For high-net-worth individuals, estate taxes can pose a significant burden, often requiring liquidity that may not be readily available. Life insurance provides a tax-free death benefit that can be used to offset estate taxes, preventing the forced liquidation of valuable assets such as real estate or business holdings.

“Wealthy individuals utilize life insurance as a tool to offset tax liability. It provides liquidity at a critical moment, allowing beneficiaries to maintain ownership and control over assets.” – Christopher Hyman

2. Life Insurance as an Alternative Asset Class

Beyond its traditional role, life insurance can serve as a tax-efficient investment vehicle. Certain policies allow for cash accumulation with tax-deferred growth and tax-free withdrawals, making it a compelling option for individuals looking to diversify their portfolio.

“In some cases, we design policies with minimal death benefits to maximize cash accumulation, creating a tax-efficient investment vehicle.” – Sean Clark

3. Business Owners and Life Insurance Planning

Business owners face unique challenges, from succession planning to risk management. Life insurance can be leveraged in several ways:

  • Key Person Insurance: Protects businesses from financial loss in case of the death of a crucial team member.
  • Buy-Sell Agreements: Ensures a smooth ownership transition if a business partner passes away.
  • Defined Benefit Plans: Helps business owners maximize pre-tax retirement savings.
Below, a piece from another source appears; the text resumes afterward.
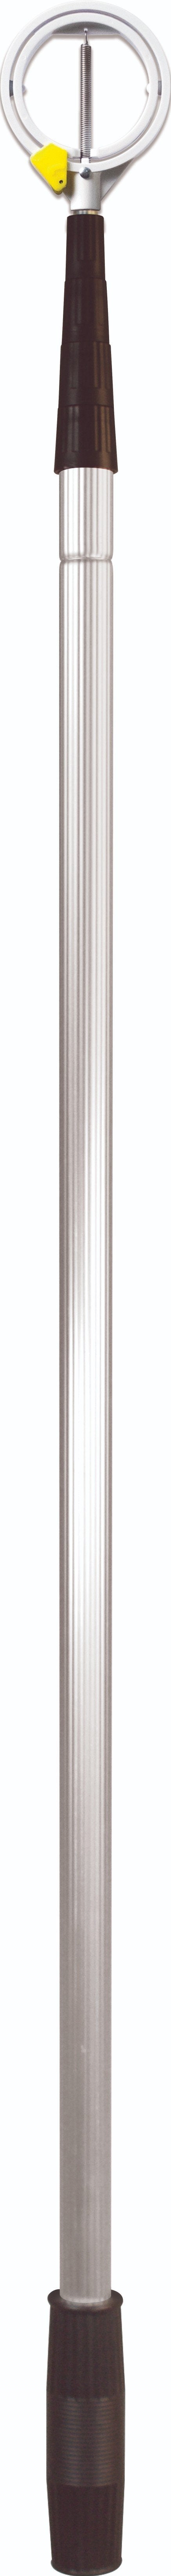 IGOTCHA Standard Aluminum Retriever

“A buy-sell agreement funded with life insurance ensures that business shares transition smoothly, protecting the company and the remaining owners.” – Christopher Hyman

4. Tax Advantages of Life Insurance

Life insurance offers several tax benefits:

  • Tax-deferred growth of policy cash value
  • Tax-free withdrawals up to the basis amount
  • Policy loans that do not trigger taxable income
  • Tax-free death benefits for beneficiaries

“There are four key tax advantages to life insurance: tax-deferred growth, tax-free withdrawals, tax-free loans, and a tax-free death benefit. When structured correctly, it’s a powerful tool for wealth preservation.” – Sean Clark

By strategically incorporating life insurance into a financial plan, individuals can optimize tax efficiency while securing financial stability for their heirs.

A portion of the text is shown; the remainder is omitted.